Lupus is an autoimmune condition which can cause a whole host of symptoms. For Sophie, this included extreme fatigue, arthritis, breathing difficulties and chronic pain. It resulted in many hospital stays within the first few years of diagnosis, all while trying to navigate school and GCSE years.
Sophie often found that her condition was misunderstood and felt some of the problem was that the condition was in some ways ‘invisible’.
Despite feeling incredibly unwell most of the time, she looked like any of her healthy peers. This often led to misunderstandings from her teachers and peers.
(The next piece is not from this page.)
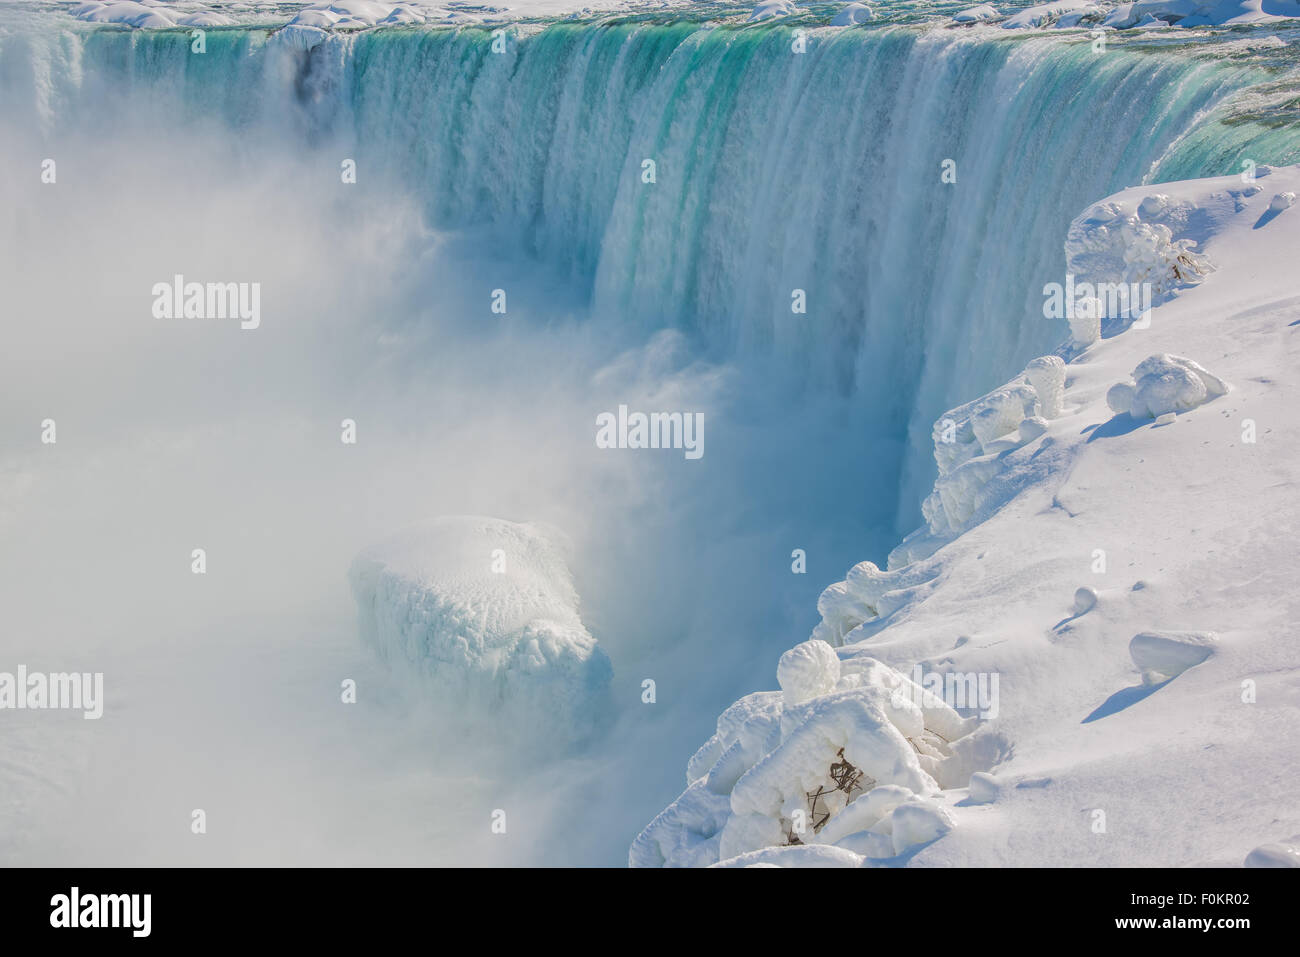 Eine teilweise gefrorenen Hufeisenfälle Einlagen 600.000 Gallonen pro Sekunde in den Niagara River in Niagara Falls, Kanada. Stockfoto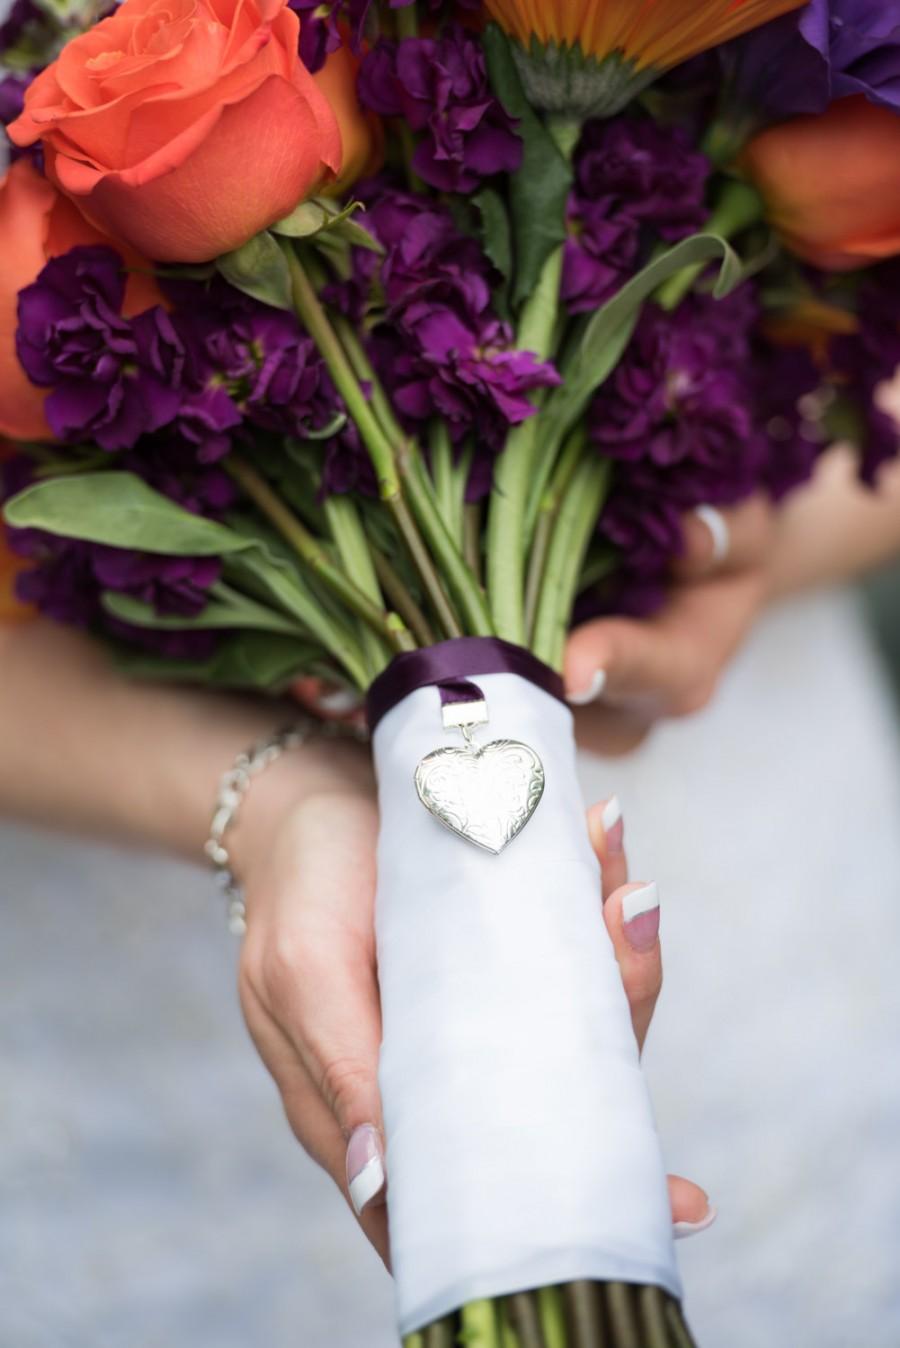 زفاف - Wedding Bouquet Heart Locket Memory Photo Frame.  Bridal Charm,  Bride Keepsake

While at school, Sophie felt a lack of support and was called out for poor attendance, struggled to participate in certain lessons such as PE and didn’t have regular access to the lift when finding it difficult to walk.
After leaving school, Sophie decided to do something about this and find a way to ensure better support was available. It started with a simple meeting between a group of young people in Liverpool, aged between 5 and 18, with a variety of different conditions.
They shared their experiences – both good and bad – with each other. They talked about positive measures their schools had implemented, and the things that needed to change. It allowed us to see common themes and gaps in the system, which gave the grounding to begin creating our resources.
RAiISE believes that young people, teachers and health professionals can work together to ensure everyone has the right support during their education.
Our young people are and always be at the heart of RAiISE and everything we do is led by them. We are looking forward to continuing to work with our community to identify and tackle the issues facing young people with invisible illnesses.